Desde que me conheço por gente (isto nunca ocorreu, é só força de expressão), ou pelo menos no período compreendido entre a adolescência e as beiradas do portal do meio século, vivi uma situação assaz monótona: pressão 12×8, 80 batidas por minuto quando o coração não estava apaixonado, colesterol legal e 72 quilos. Era como uma cláusula pétrea, qualquer alteração seria vista como um sacrilégio.

Mas sempre tem o “até que”.  Em 2008 eu resolvi dar uma conferida no meu sangue bom e descobri que era um dos ilustres portadores do vírus da hepatite C. Considerando a literatura médica a respeito e meu modus vivendi, a conclusão era no sentido de que eu tinha contraído o tal vírus havia cerca de 28 anos, após uma transfusão de sangue. Caraca!

Isto é história antiga, que já abordei em alguns posts como este, mas parece que ainda não falei de um assunto pós-tratamento. Aliás, o tal tratamento equivale a tomar veneno de cobra para combater soro antiofídico, e provoca uma tonelada de efeitos colaterais. Um deles foi emagrecimento: nos  últimos 90 dias até a última dose fui perdendo cerca de três quilos ao mês, e ainda continuei afinando até chegar aos 60 quilos. A esta altura eu era uma réplica do mapa do Chile, uma espécie de Marco Maciel piorado.
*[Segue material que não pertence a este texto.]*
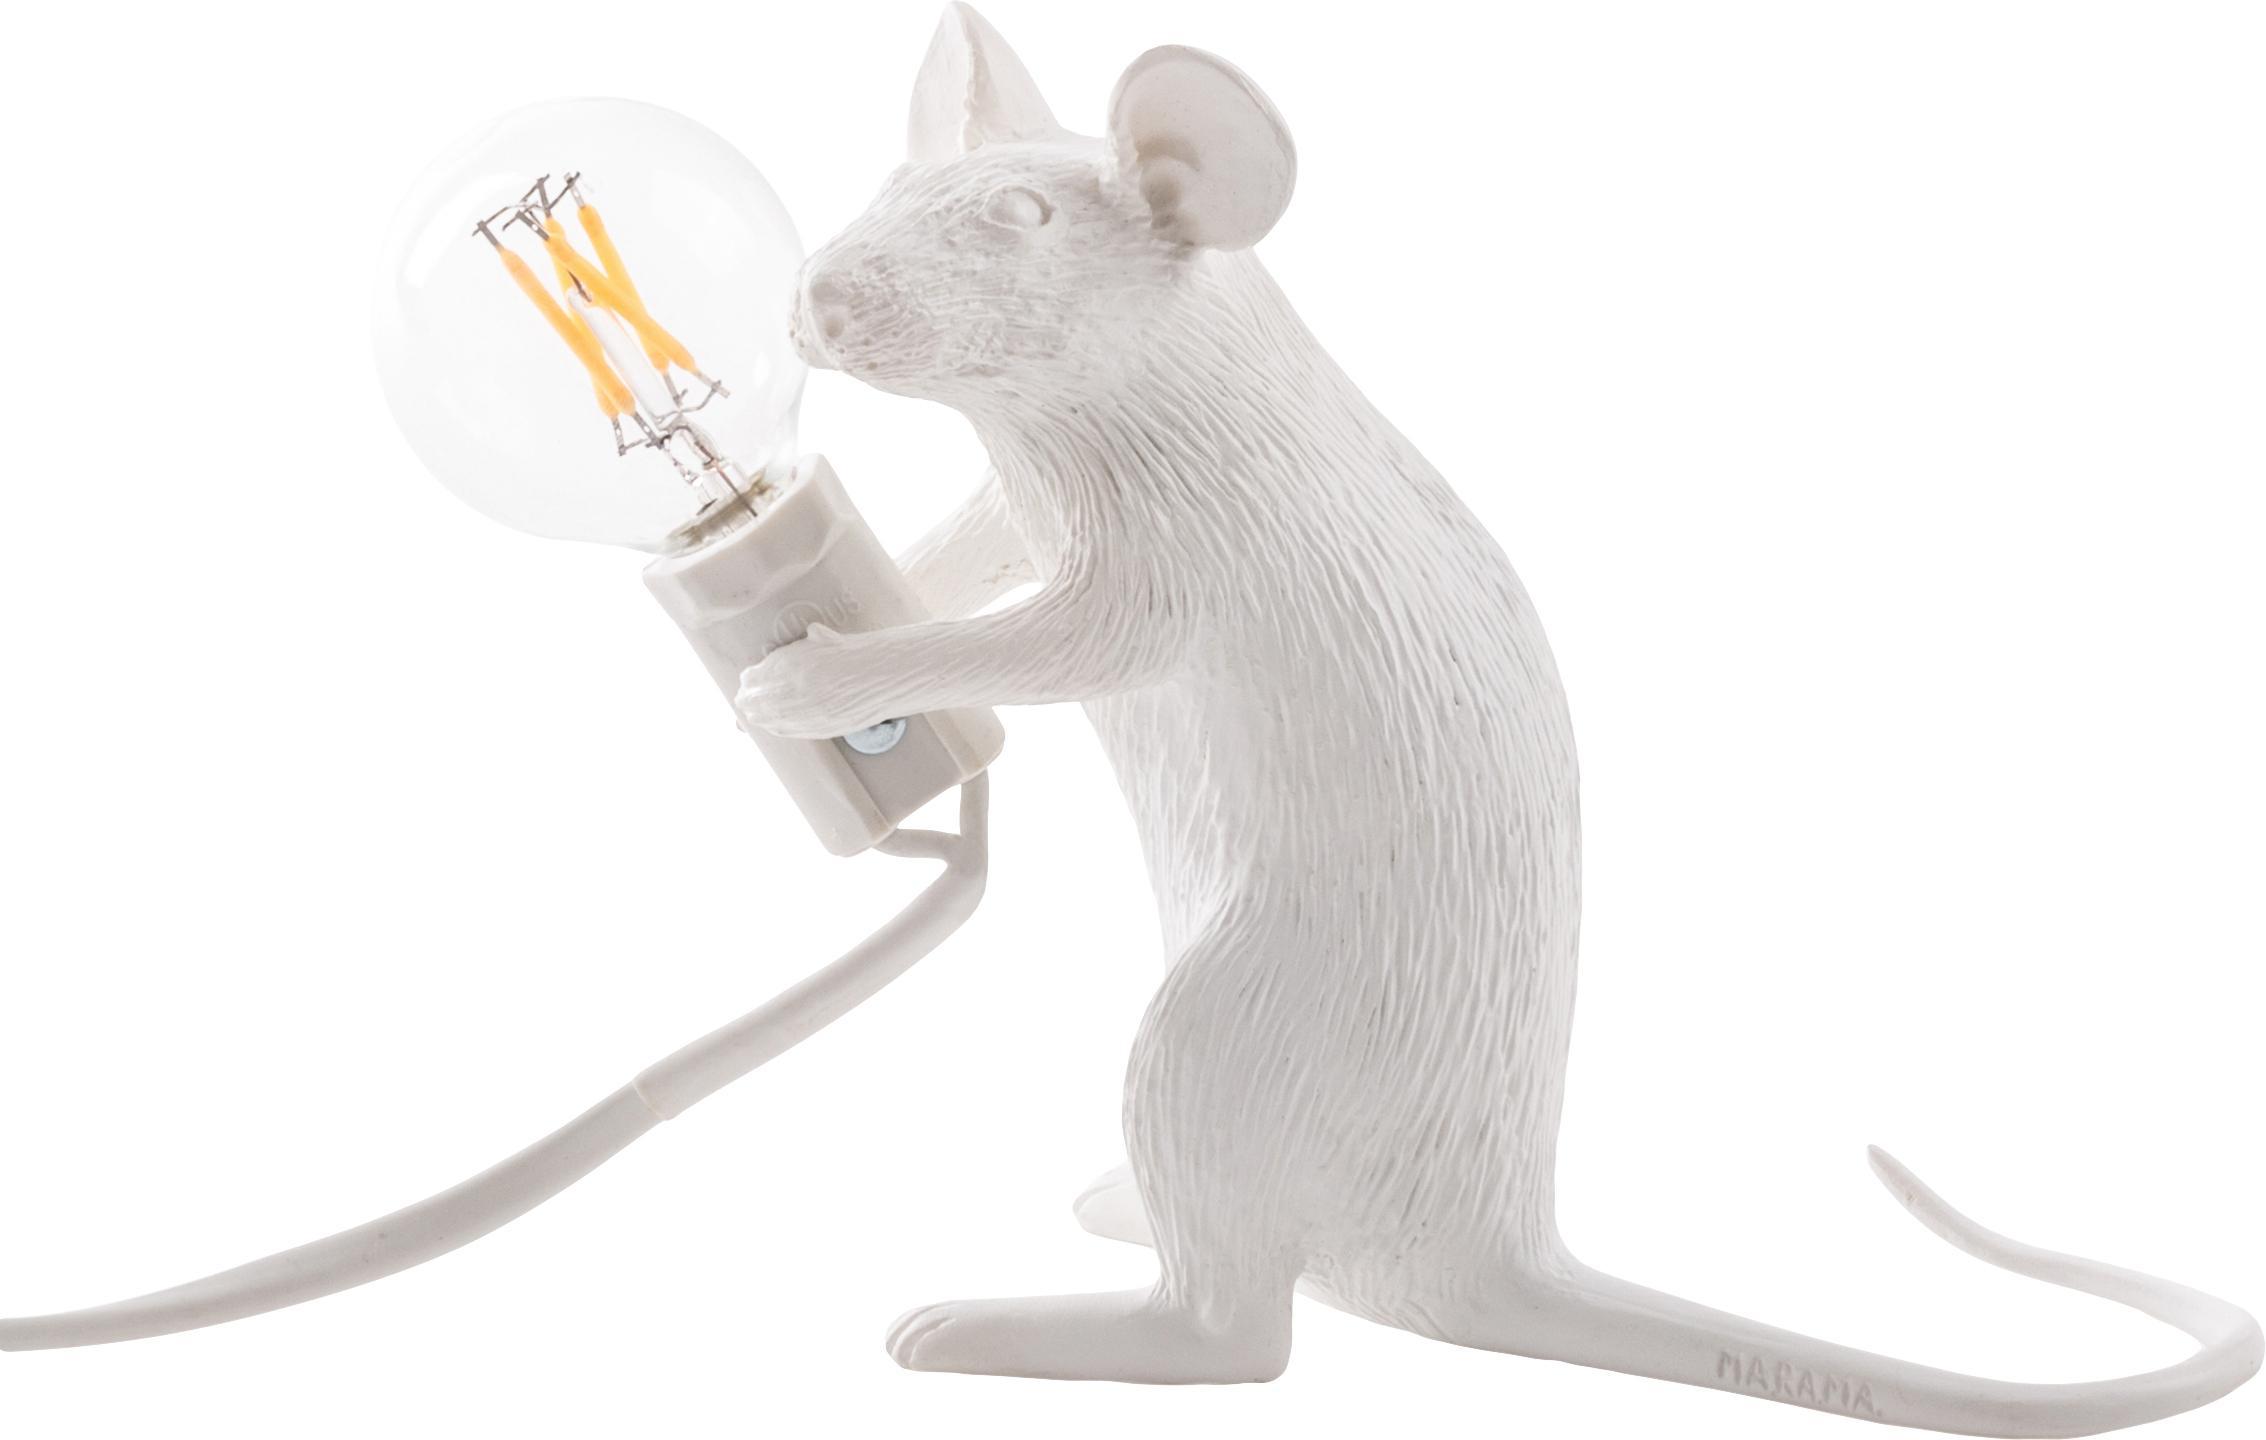 Lampa stołowa Mouse, Żywica syntetyczna, Biały, S 5 x W 13 cm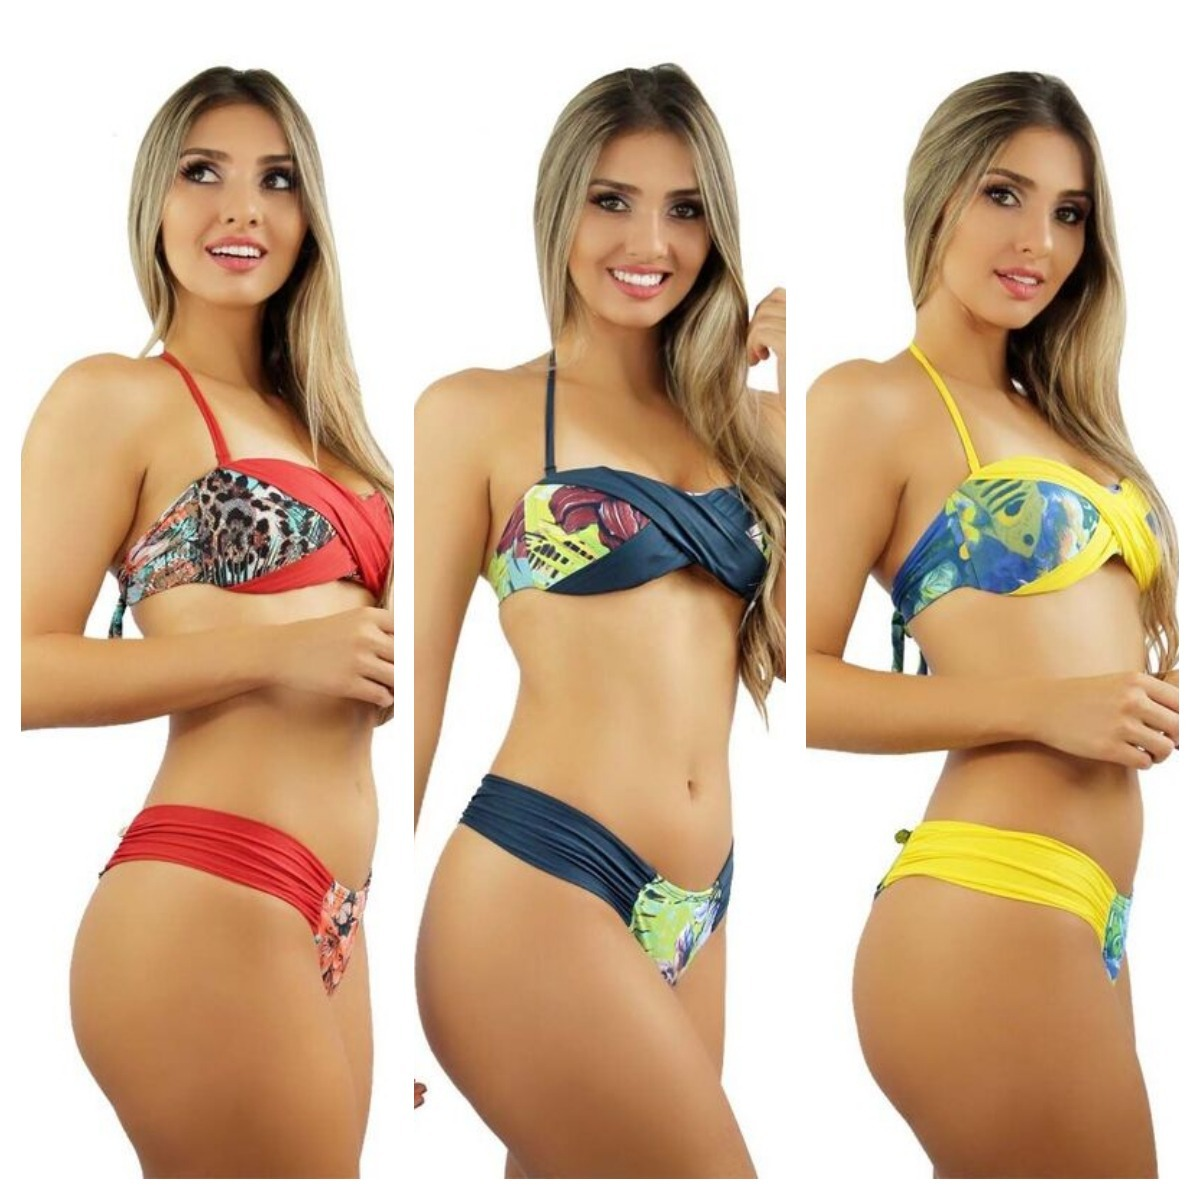 0f18874f1b31 Biquinis Cropped Bojo Etnico Moda Praia Biquinis Barato L2

Além do desconforto em ventanias, tive que renovar o guarda-roupa porque pulei do manequim 42 para o 38 sem escalas. Morri numa grana preta. A causa do emagrecimento, descobri depois, foi o completo despirocamento da tireóide, o que explica também os momentos de taquicardia e a taxa de colesterol, que resolveu ficar uma gracinha. Hipertireoidismo brabo.

Comecei o tratamento da tireóide, inaugurando a fase do estica-e-puxa. Tomava o medicamento e de repente o hiper virava hipo, aí eu engordava. Mas hipo também não é legal, então a médica alterava a dose e eu voltava ao hiper e emagrecia. Glândula rebelde, segundo foi diagnosticado. Como a situação era perigosa, acabei me submetendo a um procedimento de choque com o uso de iodo radioativo, e aí eu me tornei um hipotireóidico juramentado. Comecei a recuperar o peso, mas tomando medicamentos para tentar empatar o placar. 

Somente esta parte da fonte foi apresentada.